### STORED DATA

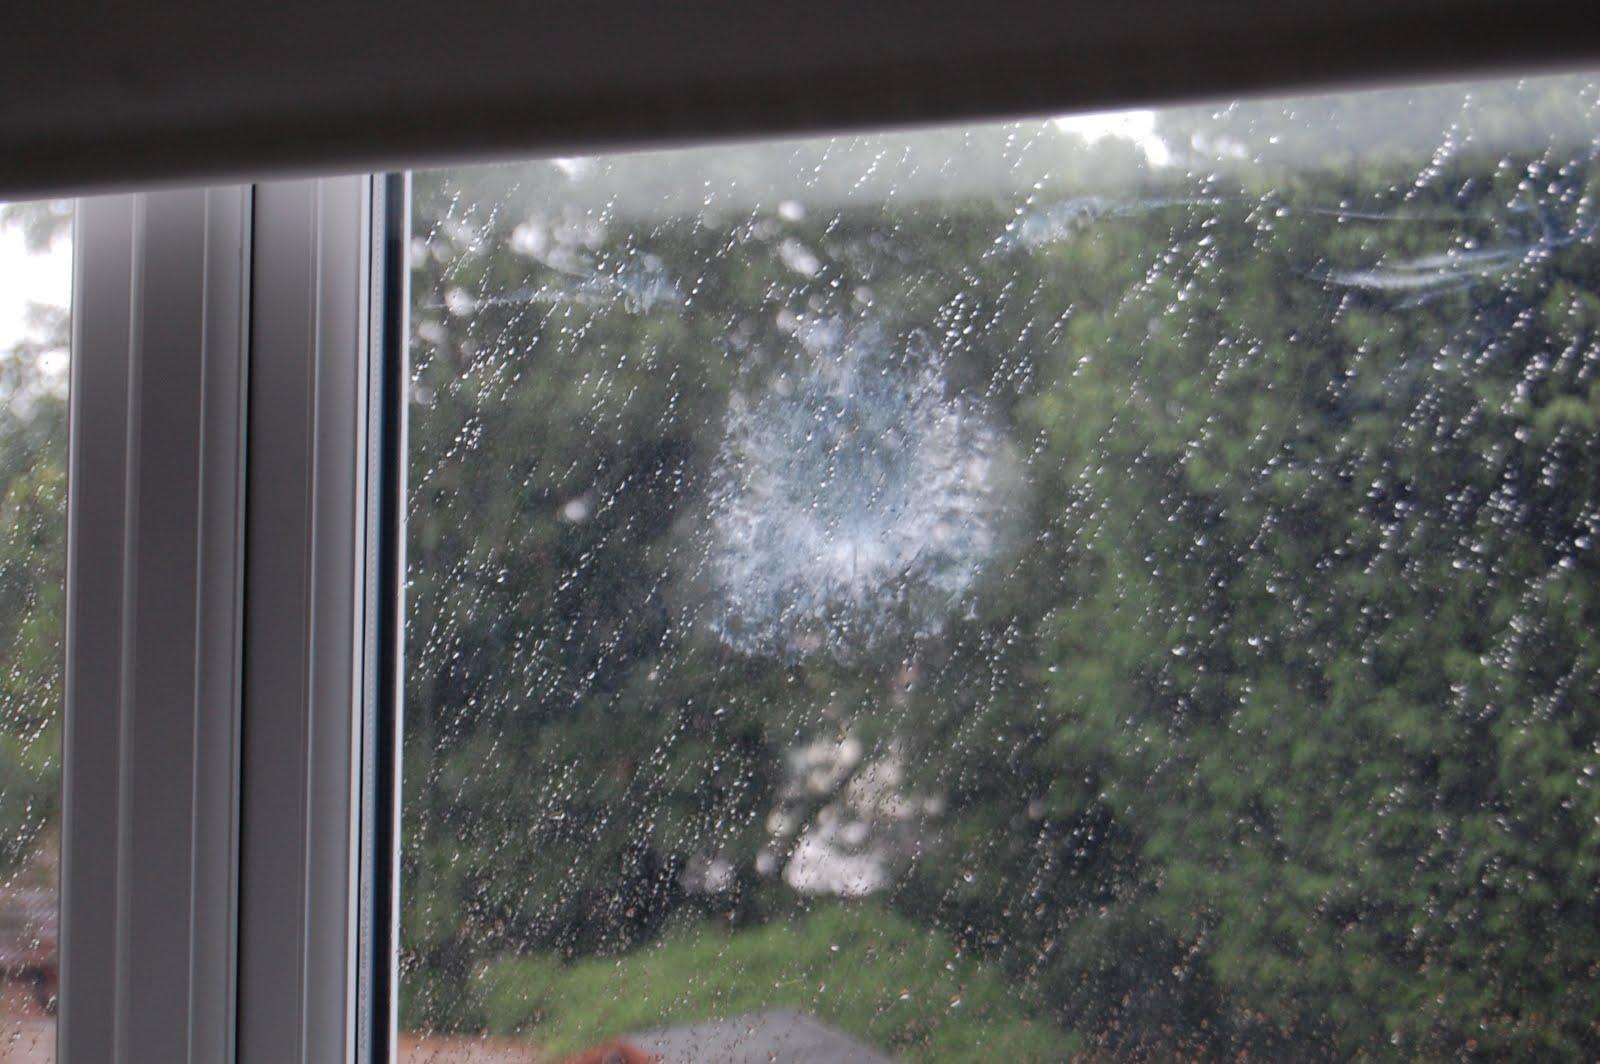 beclounor: Think a bird flew into my window
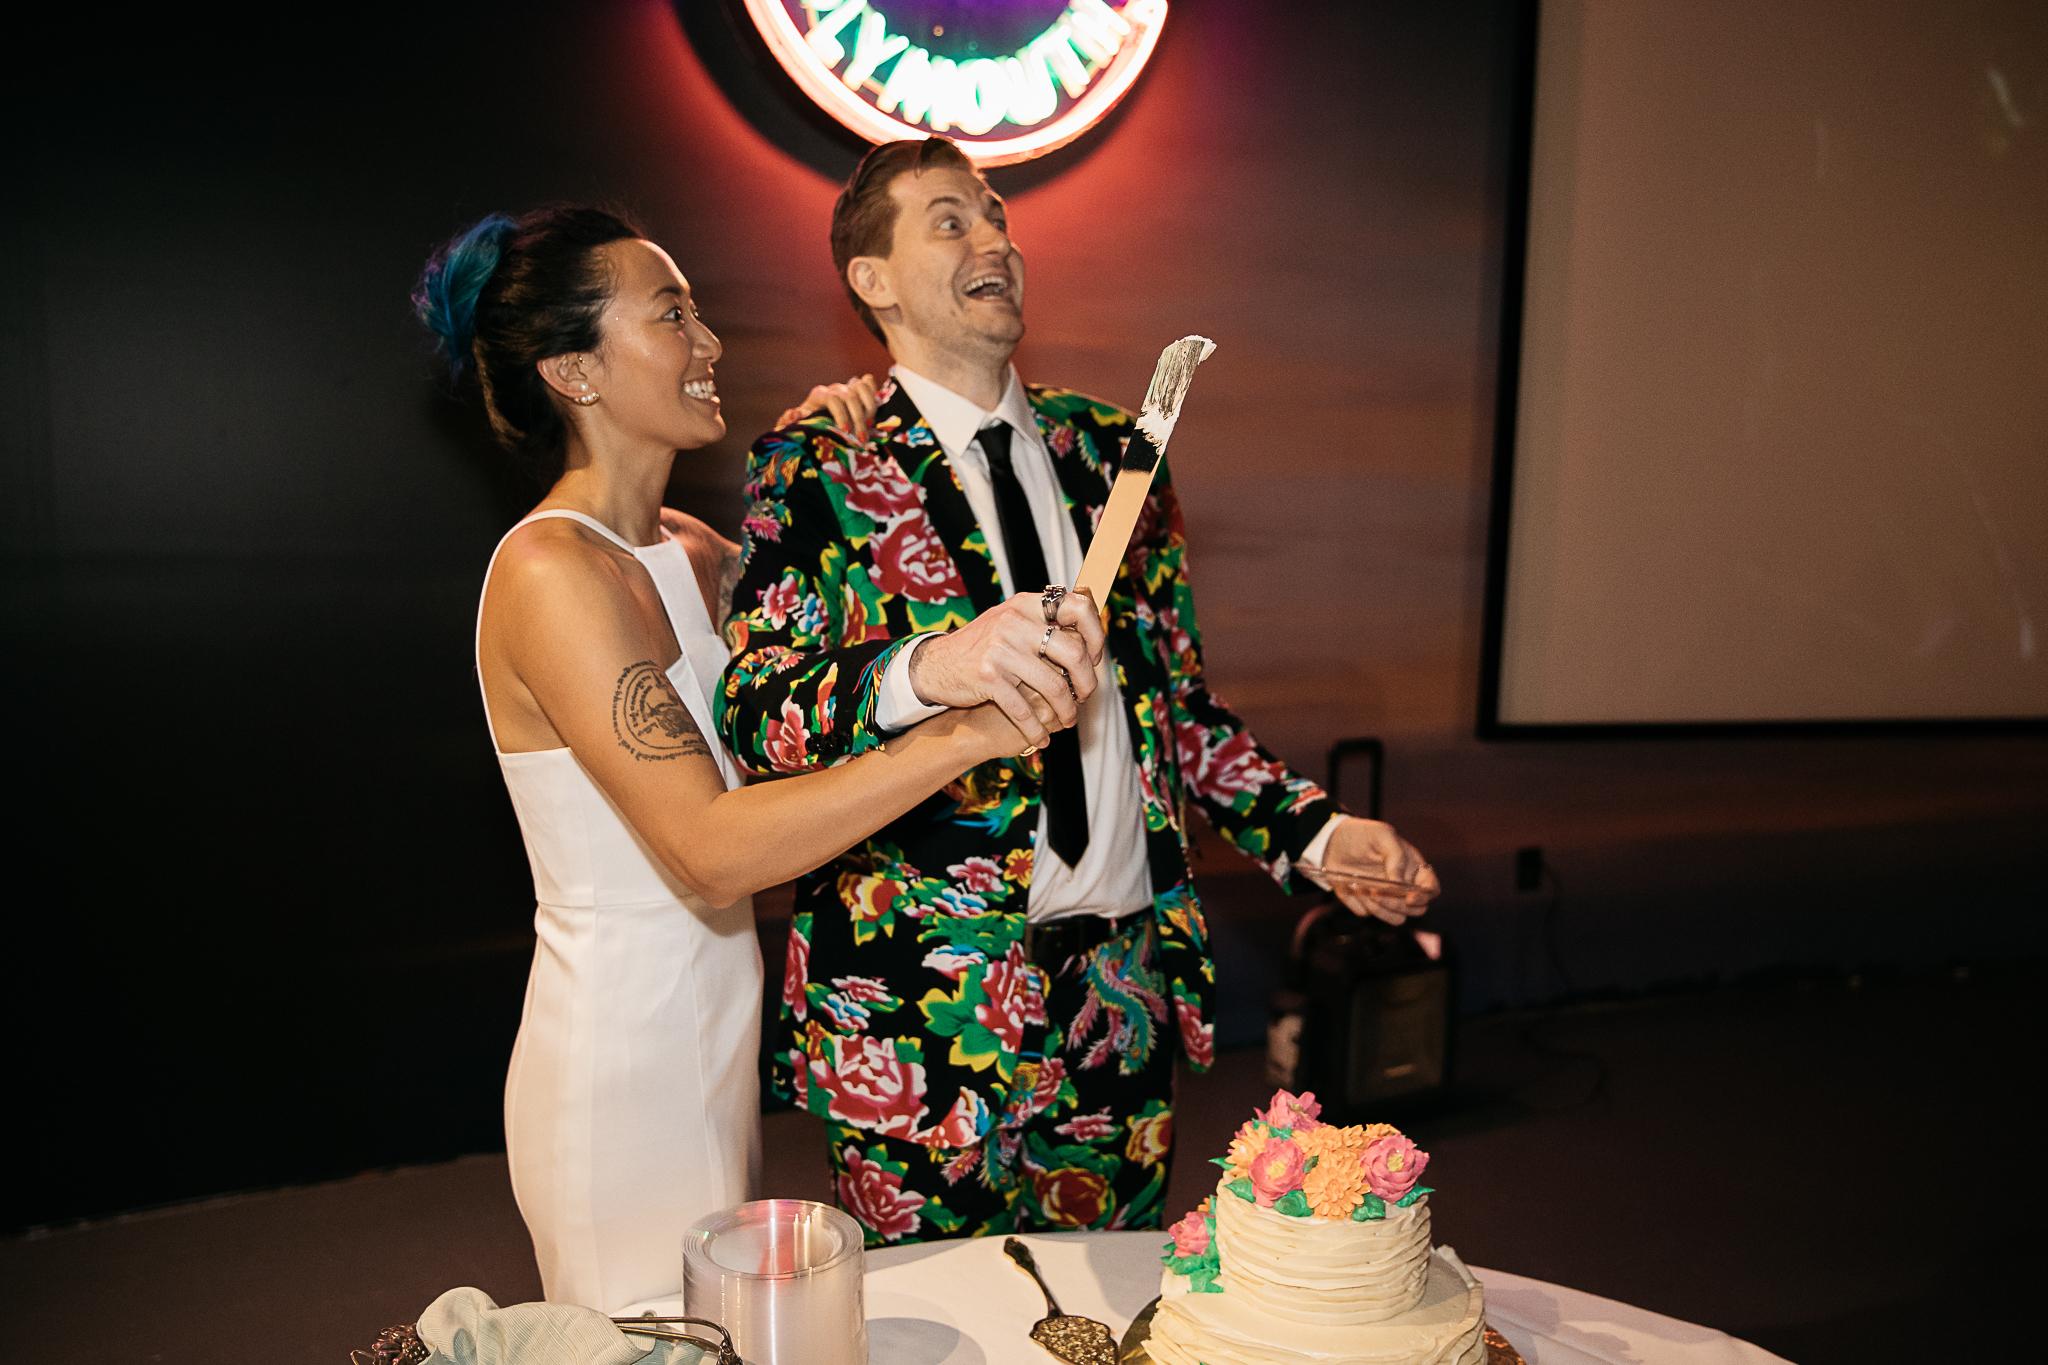 graceland-wedding-memphis-wedding-photographers-beryl-sean-6612.jpg
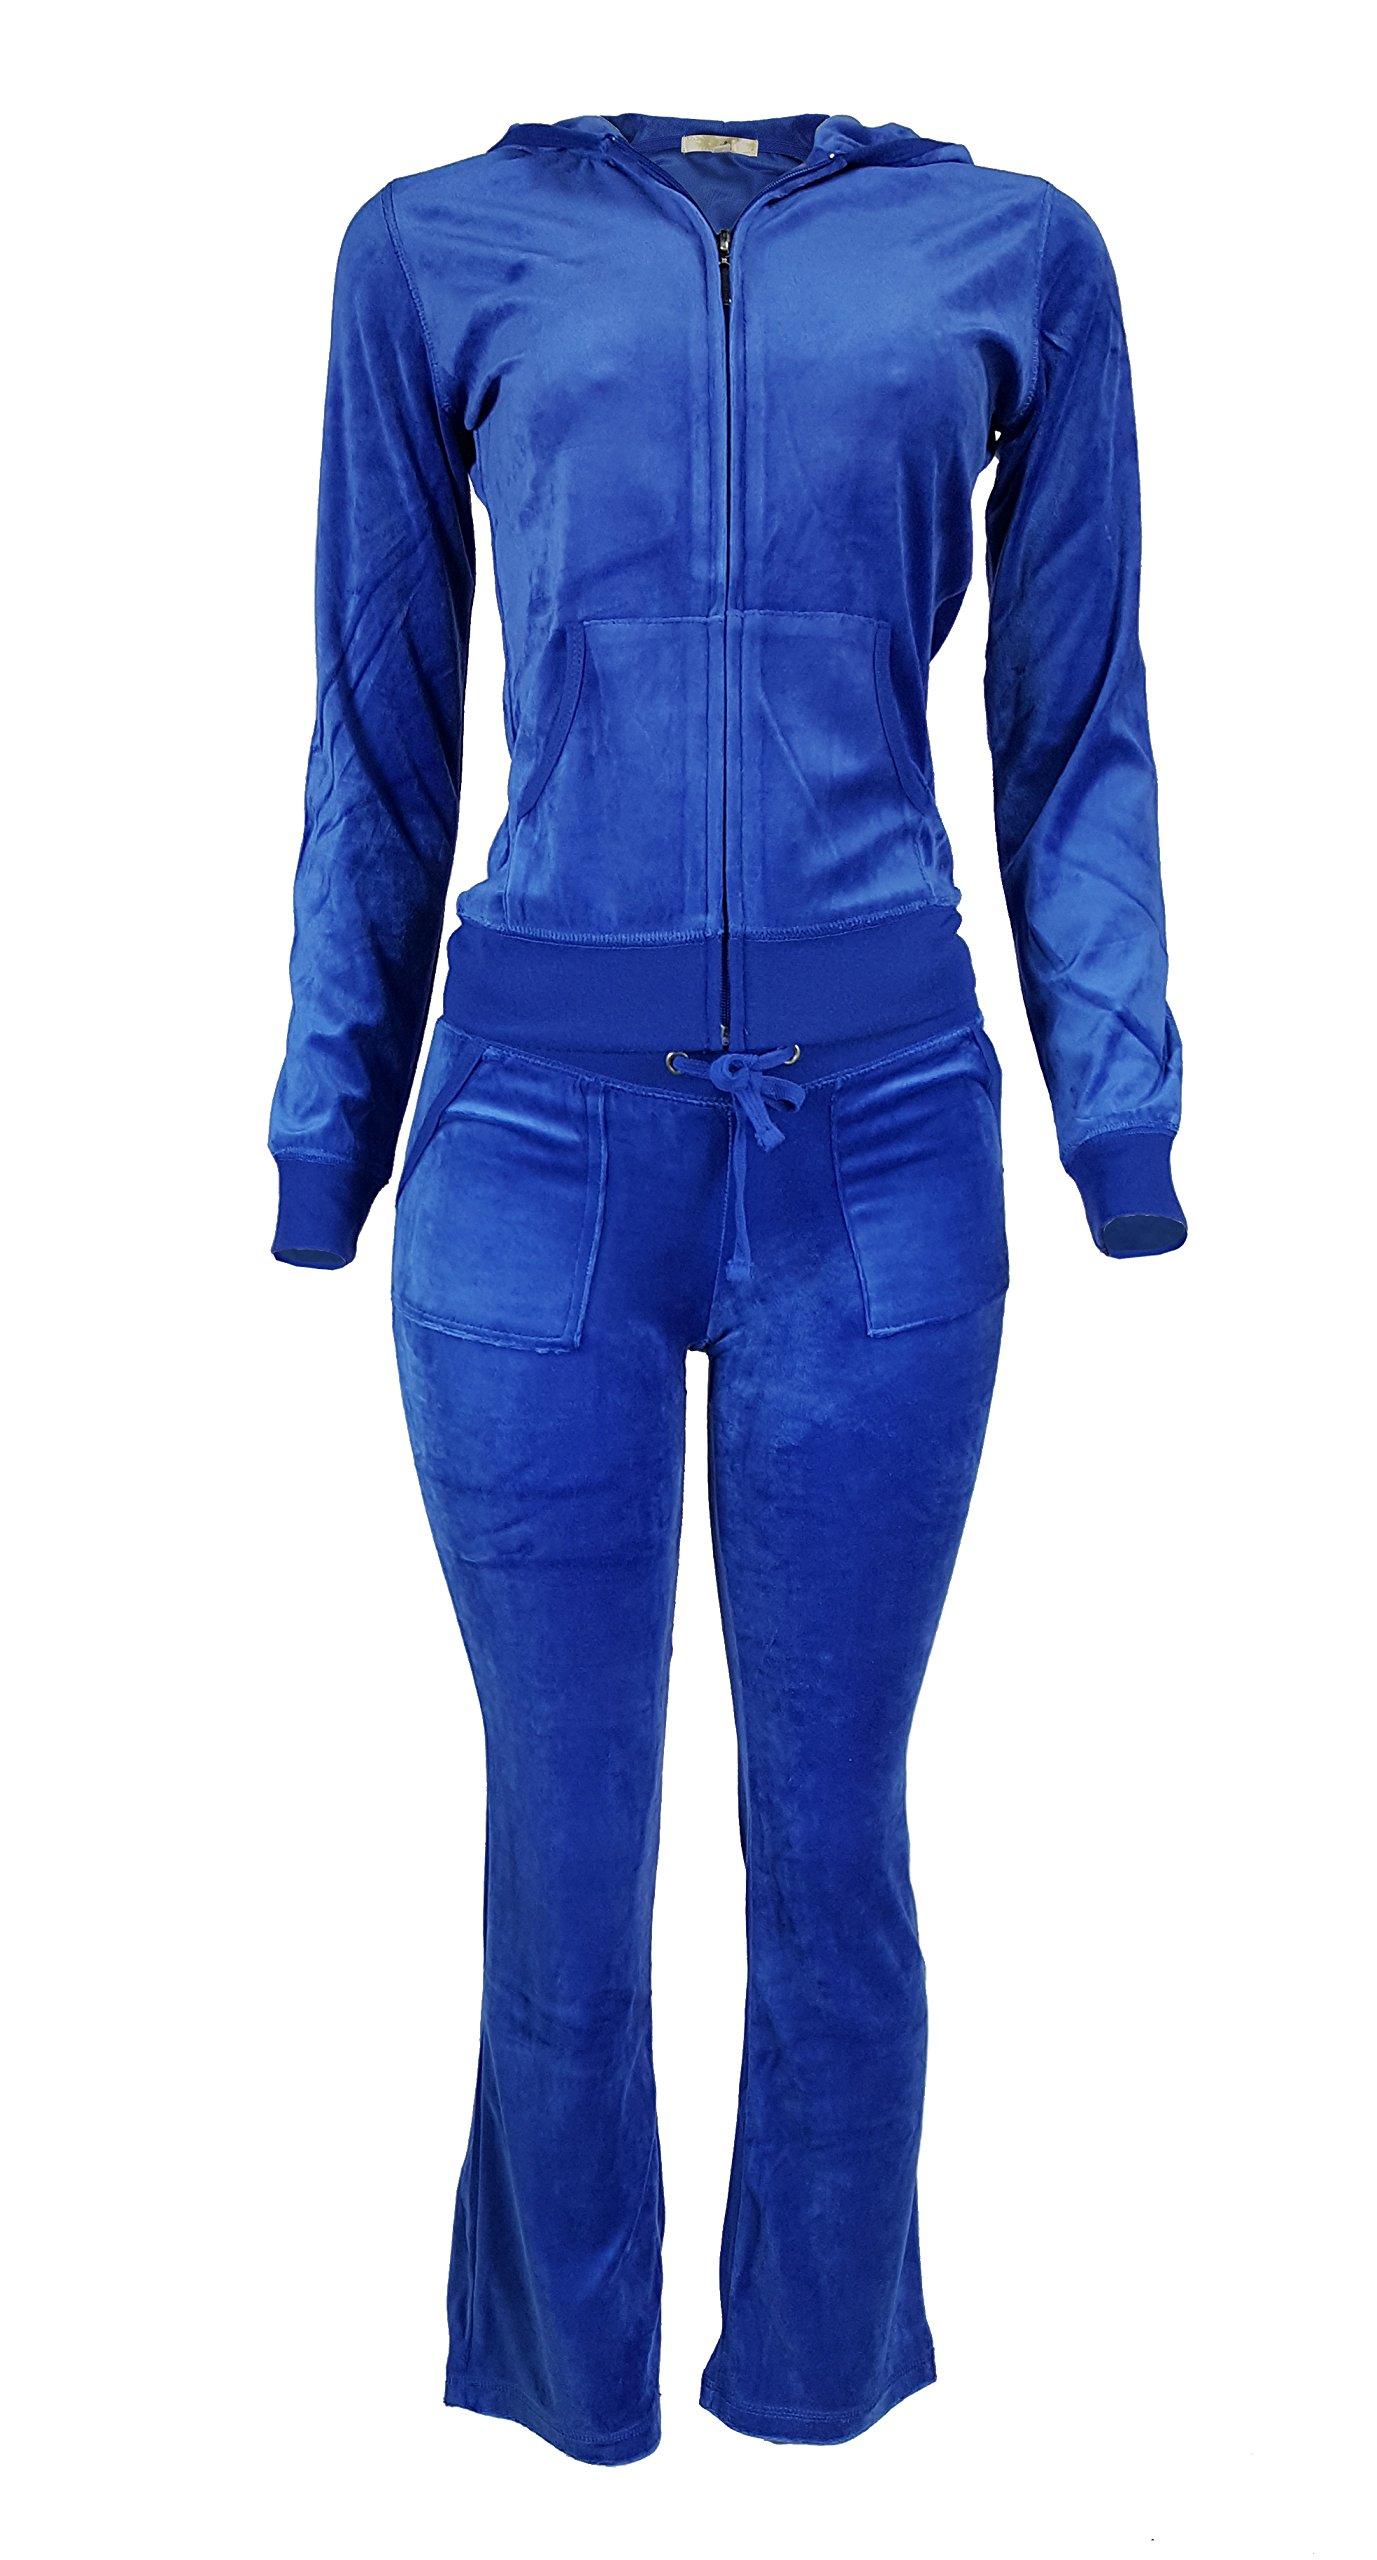 Women's Lightweight Hoodie & Sweatpants Velour Suit 2 Piece Loungewear Set (S-3XL) XX-Large Royal Blue

### WHAT YOU HAVE TO DO
Would you retype each line above exactly and skip every image?

### TASK RESULT
 beclounor: Think a bird flew into my window
 graceland-wedding-memphis-wedding-photographers-beryl-sean-6612.jpg
 Women's Lightweight Hoodie & Sweatpants Velour Suit 2 Piece Loungewear Set (S-3XL) XX-Large Royal Blue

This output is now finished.